*** INFORMATION SUPPLIED Section Begins ***

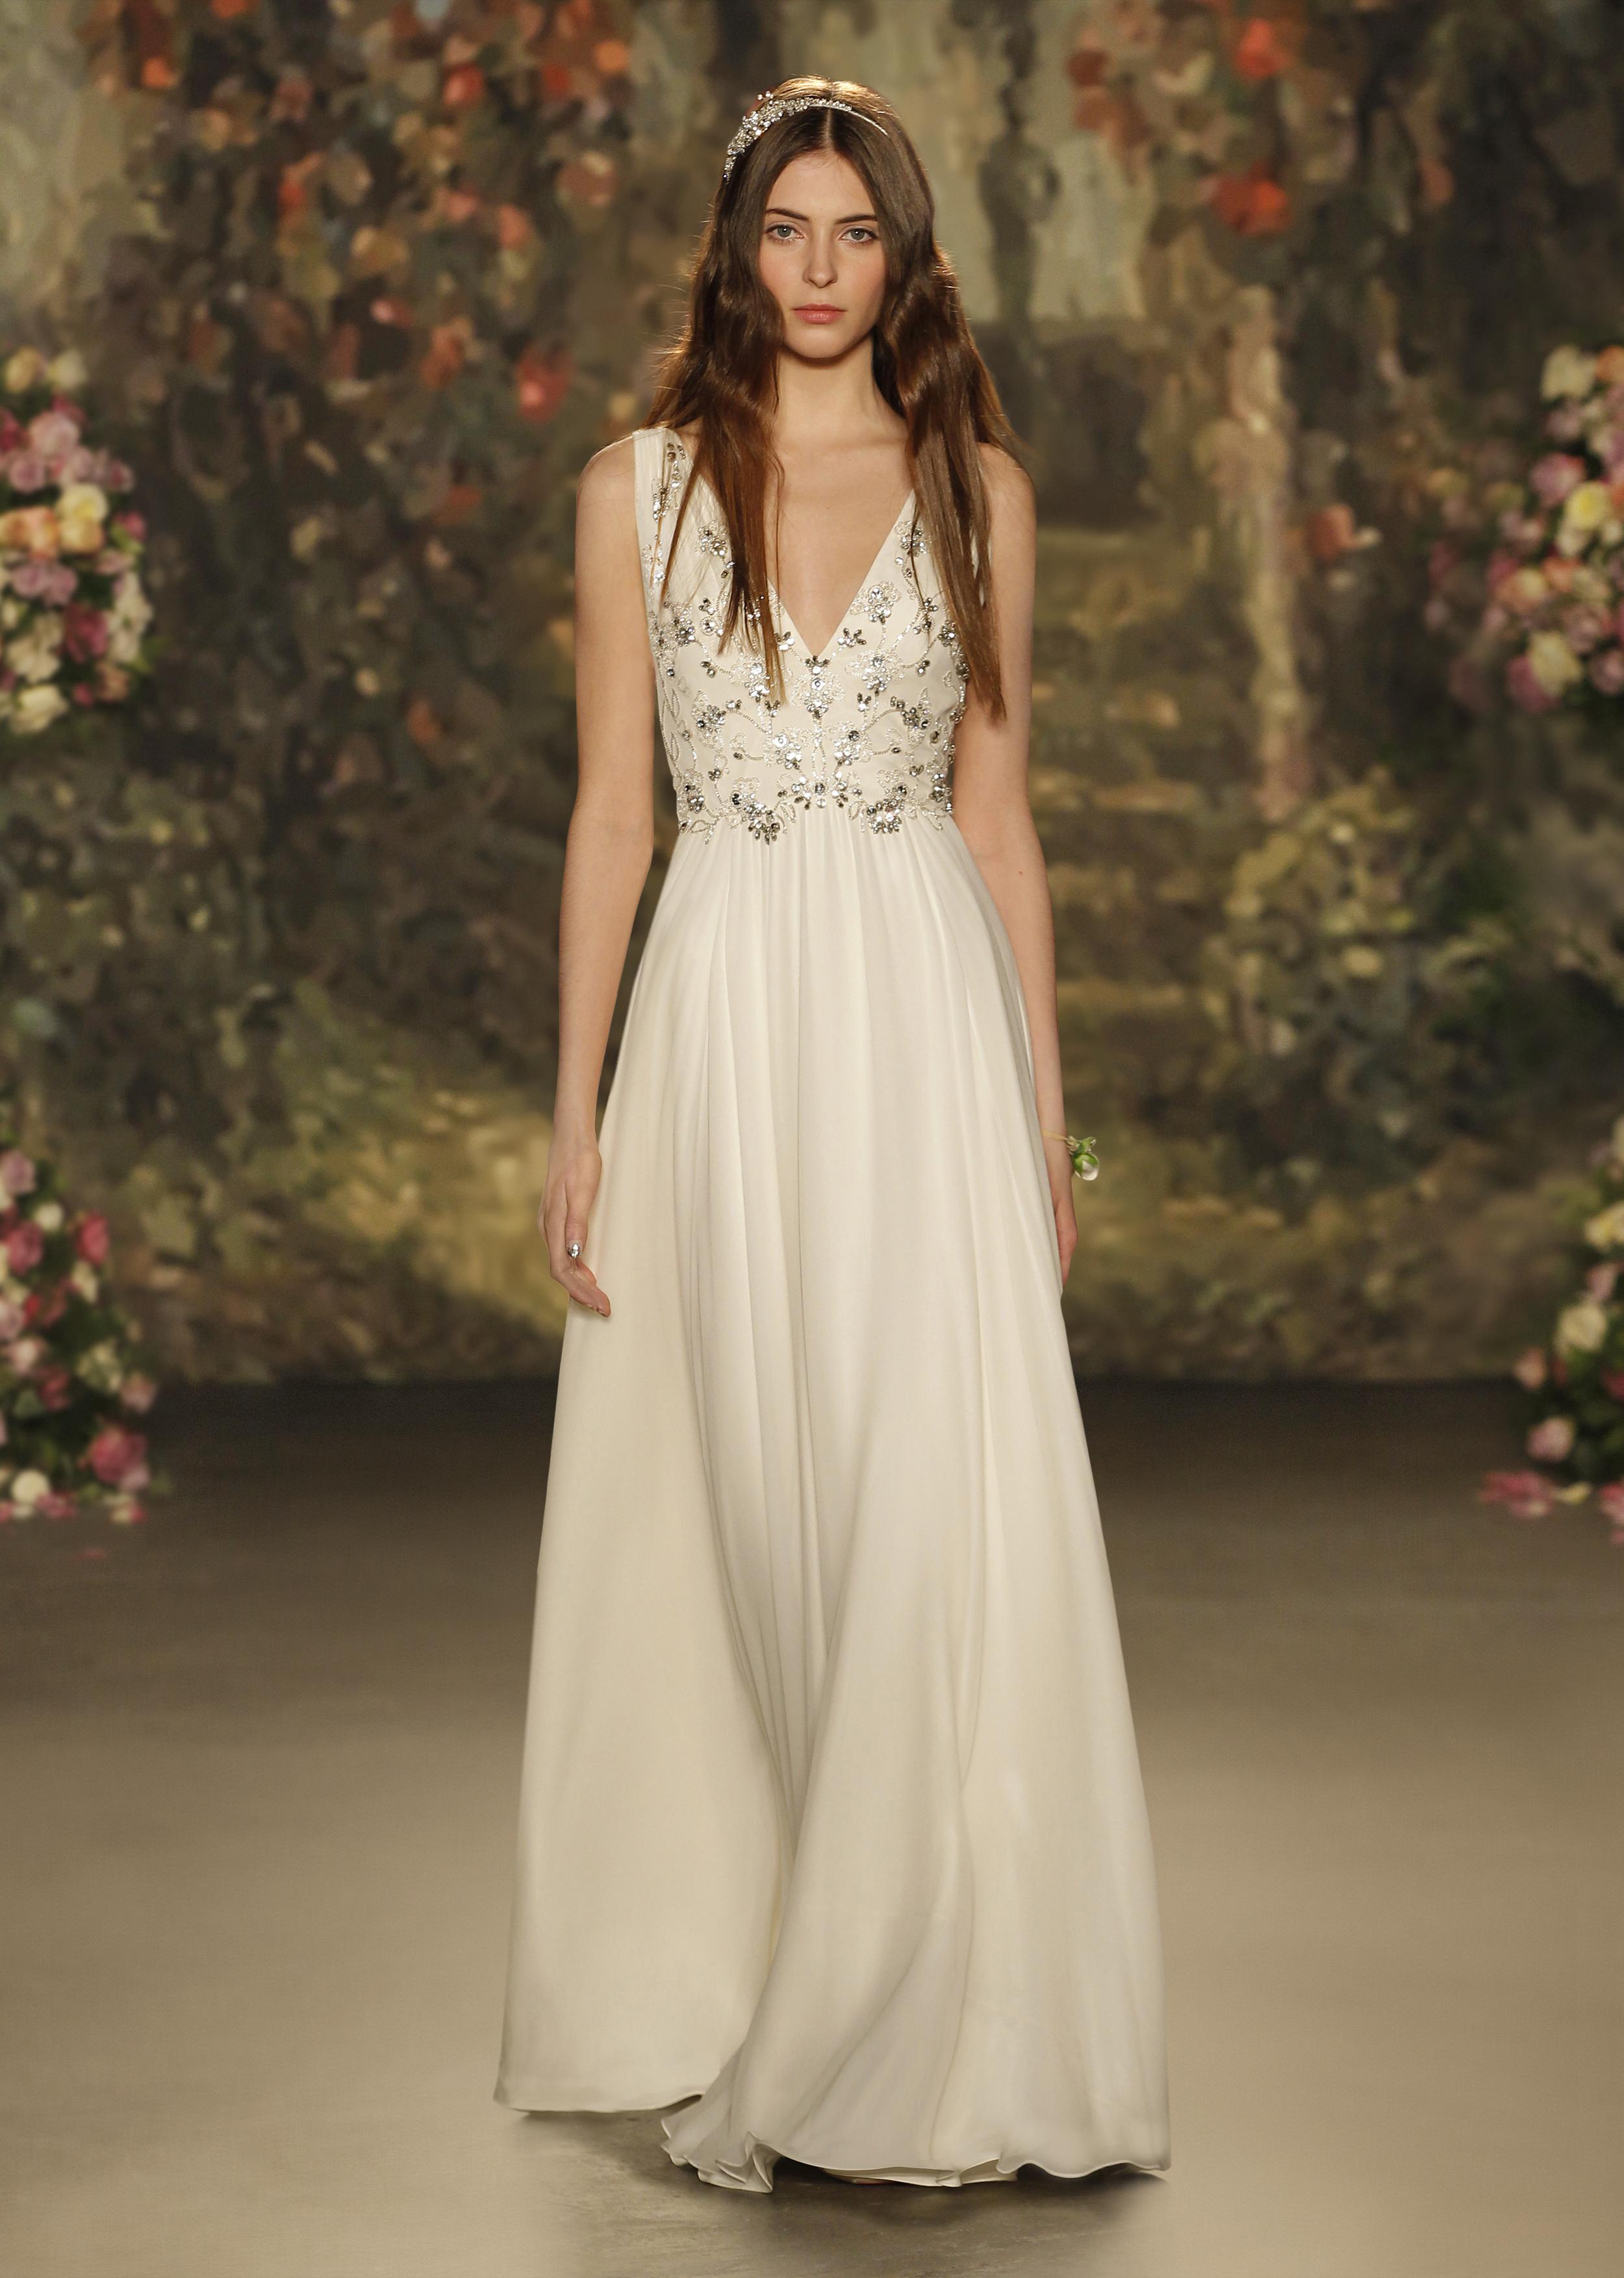 Jenny Packham wedding gown at Little White Dress Bridal Shop in Denver, Colorado
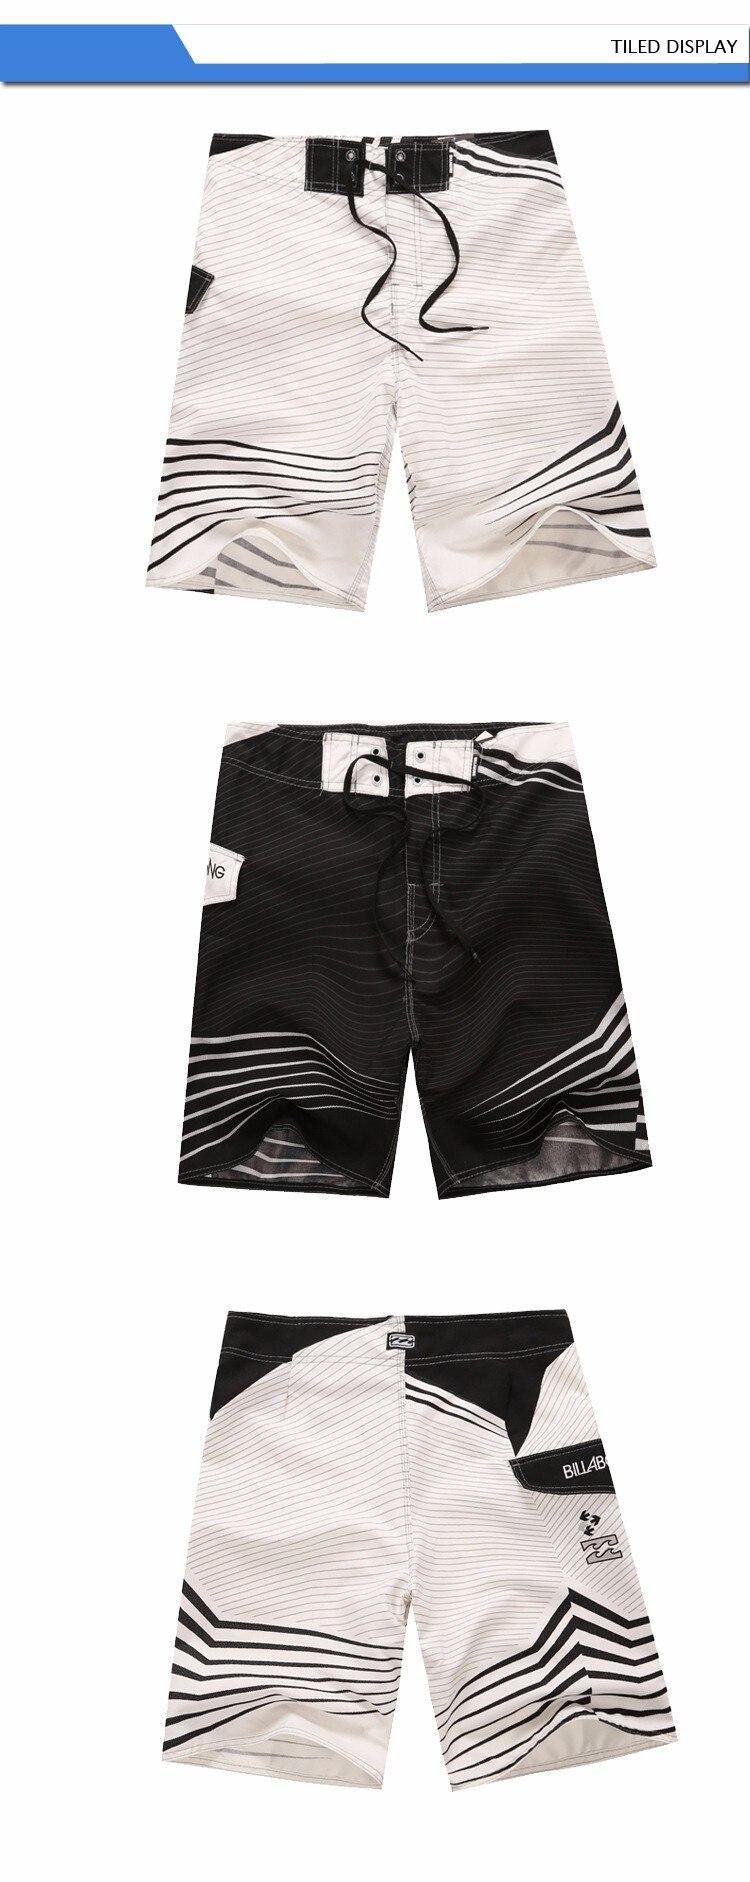 235f7116e4 Whosale 2018 New Hot Mens Shorts Surf Board Shorts Summer Sport ...
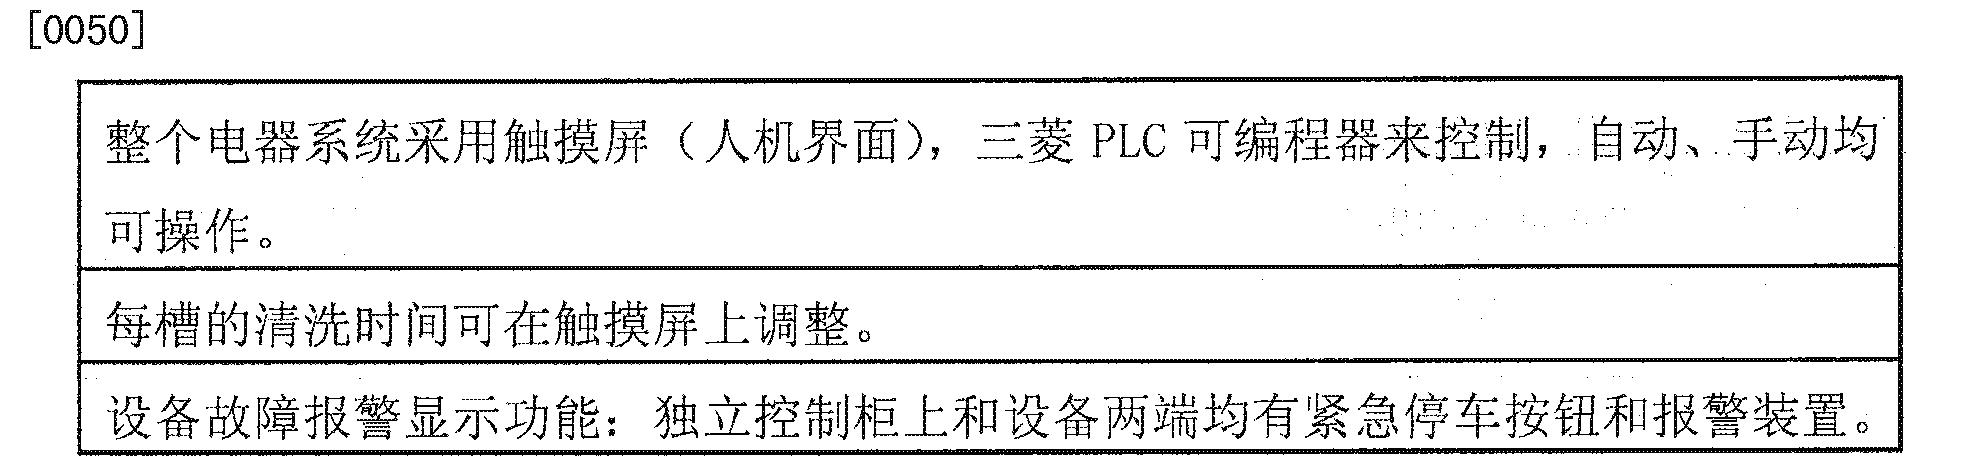 Figure CN204035120UD00122
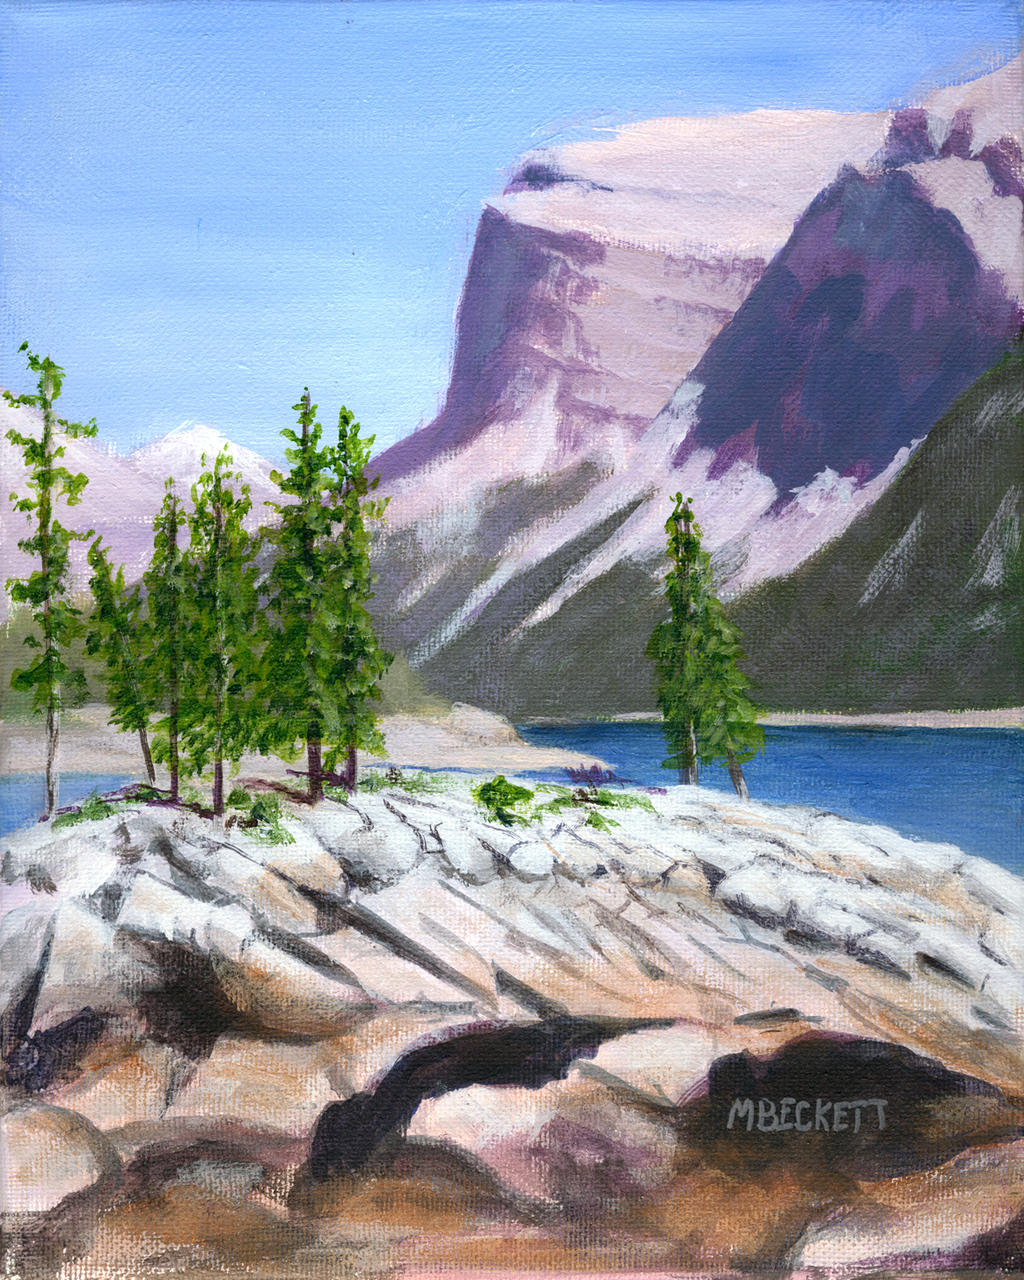 Lake Minnewanka by mbeckett

*** INFORMATION SUPPLIED Section Ends ***

■ WHAT YOU ARE ASKED TO DO:
The copy must match the listing above exactly but contain no pictures.

■ SOLUTION:
 Jenny Packham wedding gown at Little White Dress Bridal Shop in Denver, Colorado
 235f7116e4 Whosale 2018 New Hot Mens Shorts Surf Board Shorts Summer Sport ...
 Figure CN204035120UD00122
 Lake Minnewanka by mbeckett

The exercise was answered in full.